Le compromis n’étant pas trouvé, le service reste étatique. Comme on peut le lire dans les rapports des années 1920, la concession du service « ne pourrait avoir lieu qu’au détriment de l’Etat. En effet, dans les recettes il n’est jamais fait état de l’eau fournie gratuitement aux différents services de l’Administration des Beaux-Arts, entre autres aux Palais et Jardins Nationaux de Seine-et-Oise, et qu’il faudrait nécessairement payer à la Compagnie concessionnaire. D’autre part, si la concession avait lieu, il faudrait s’attendre à un relèvement

très élevé des tarifs, ce qui serait onéreux non seulement pour la population desservie, mais grèverait encore le budget de l’Etat, puisque tous les établissements publics qui bénéficient d’un tarif réduit, verraient ce tarif augmenter proportionnellement à celui des particuliers. Ce relèvement serait inévitable, car, si l’Etat peut se contenter de l’équilibre budgétaire, il n’en serait pas de même pour une Compagnie qui voudrait retirer des bénéfices de sa gestion et amortir le capital considérable que représenterait son acquisition. Il faut signaler d’ailleurs qu’aucune Compagnie n’a sollicité la concession ou la gestion de ce Service »108

.

Pendant certaines périodes, notamment en raison de l’installation des nouvelles machines modernisant la machine de Marly, certaines parties du service ont été concédées à des compagnies privées, mais rachetées ensuite par le service des eaux de l’Etat pour garantir l’unité du service. Cela sera le cas des nouvelles pompes construites en 1910 par la Compagnie Hersent et rachetées par l’Etat en 1930.

L’importance de la distribution aux services de l’Etat a fait que la situation reste en statut quo jusqu’au 1er

janvier 1980 : « C’est donc ainsi que le Service des Eaux et Fontaines de Versailles, Marly et Saint-Cloud, desservant par un réseau étendu, les habitants de la ville et de quelques cités voisines, a servi courageusement ses abonnés avec des moyens très précaires, pendant près de deux siècles, jusqu’au 31 décembre 1979109

» (Mangerel, 1983, p. 423).

En résumé, d’un côté, la gestion du service des eaux par l’Etat, à travers le ministère de l’Instruction publique et des Beaux-Arts, est préférable à la gestion par les compagnies privées, ces dernières étant considérées comme poursuivant leurs propres intérêts et contre lesquelles les communes ne faisaient pas poids. De l’autre côté, la gestion municipale des services des eaux était tout autant compromis car les maires étaient souvent considérés peu expérimentés dans les questions d’hygiène.

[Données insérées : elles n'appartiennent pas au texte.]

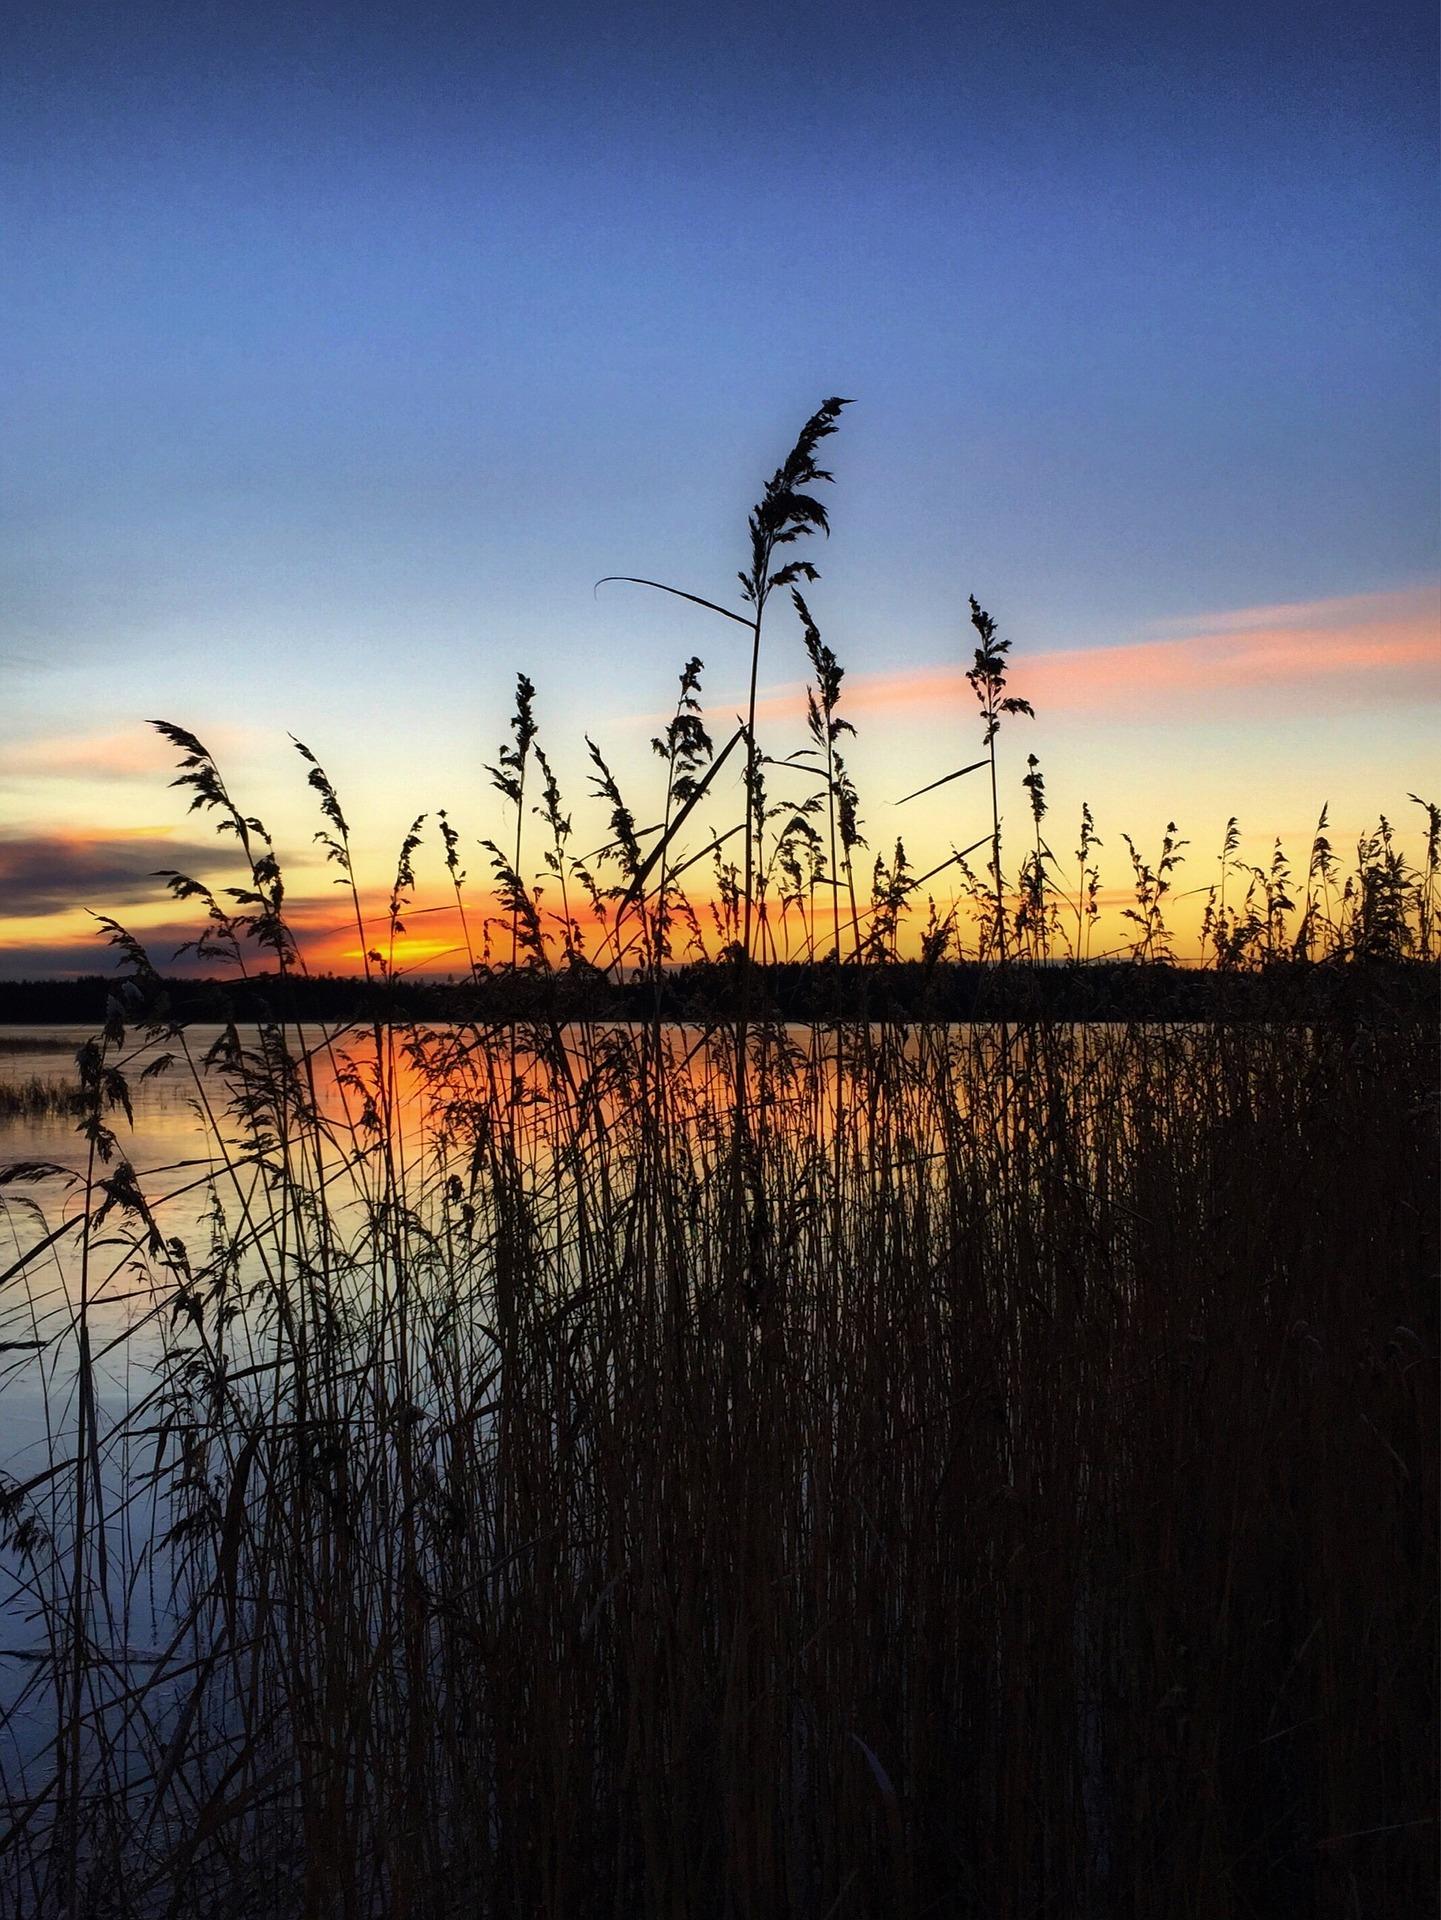 sunset-1519833_1920

108 AN F/8/205, Note sur le service des eaux de Versailles, 1920.

109 En 1980, le service historique des eaux et fontaines est scindé en deux entités : le service des fontaines de

Versailles et le service de l’eau. Le Syndicat Mixte pour la Gestion du Service des eaux de Versailles et Saint-Cloud (SMGSEVESC) est le maître d’ouvrage du service de production et de distribution de l’eau potable.